BREST (France): Acts of piracy remained stable worldwide in 2023, at a historically low level, despite a resurgence of tension in the Red Sea and the Indian Ocean, a maritime security centre announced Monday.
A total of 295 acts of piracy and brigandage were recorded last year, compared with 300 in 2022, the lowest since statistics began in 2008, according to the annual review by the Maritime Information Cooperation & Awareness (MICA) Center, based in Brest, northwest France.
“The overall number of acts of piracy and robbery is stable,” the report said with an upward trend in South-East Asia being offset by a slight fall in the Caribbean arc.
“Globally we are seeing stable trends”, despite “numerous areas of insecurity in the Indian Ocean”, Eric Jaslin, head of the MICA Center, told AFP.
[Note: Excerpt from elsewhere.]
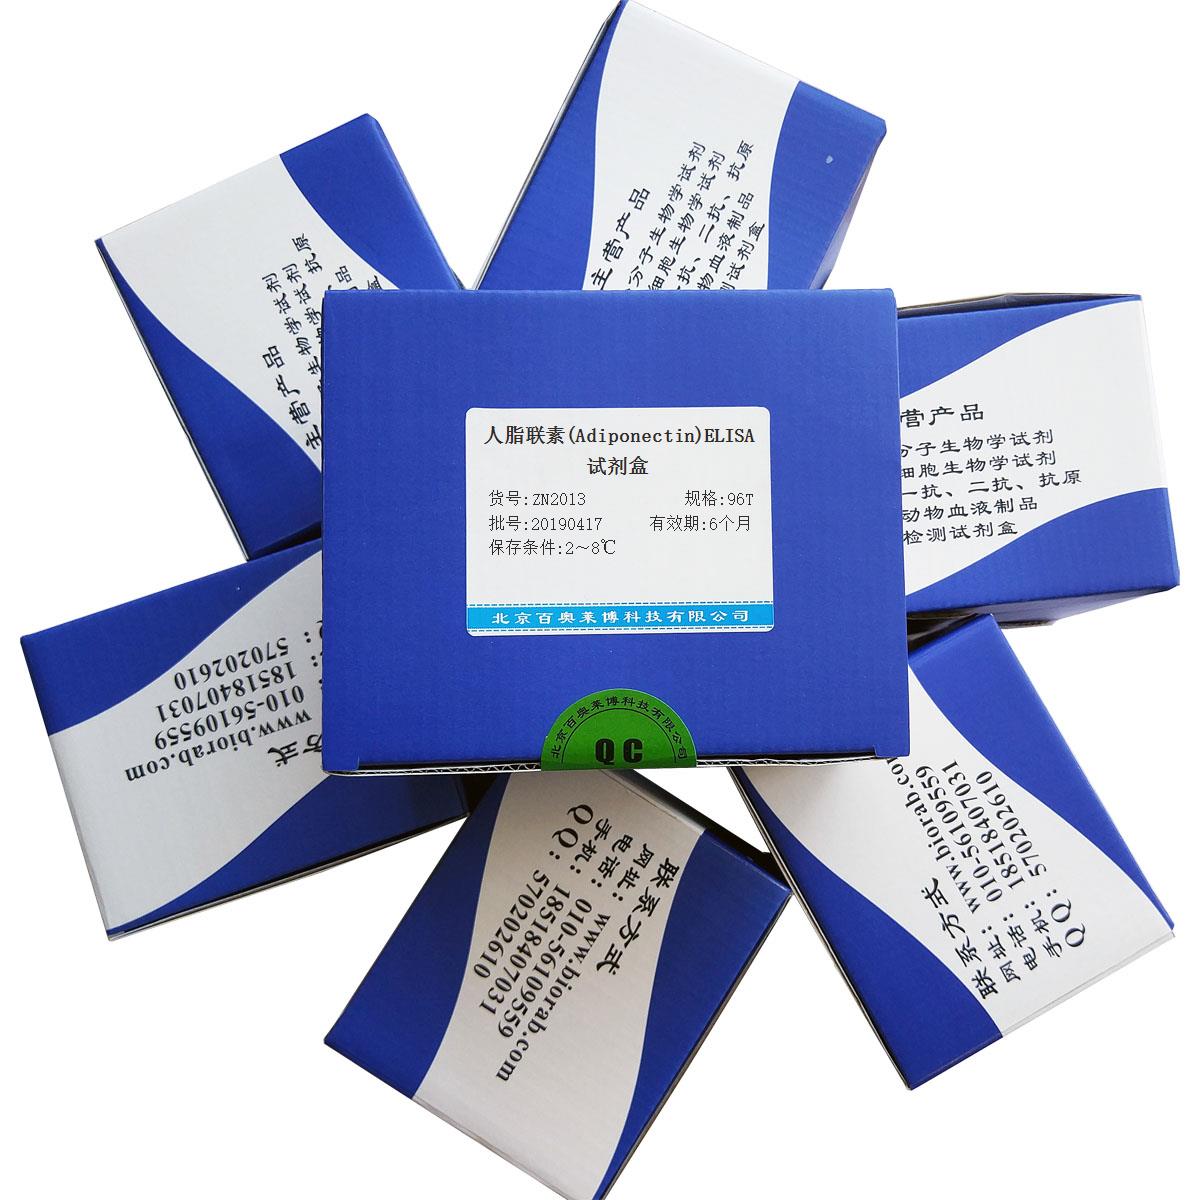 人脂联素(Adiponectin)ELISA试剂盒

The end of 2023 was marked by a wave of attacks by Yemen’s Iranian-backed Huthi rebels against merchant ships around the Bab-el-Mandeb Strait, which links the Red Sea to the Indian Ocean. Around 12 percent of world trade passes through this strait. “The threat is violent, with missiles and drones loaded with explosives. There is a real concern around this strait”, Jaslin stressed.
Last year, 47 attacks of this type were recorded, mainly around Bab-el-Mandeb, but also near the Strait of Hormuz (at the mouth of the Persian Gulf) and off the Indian coast.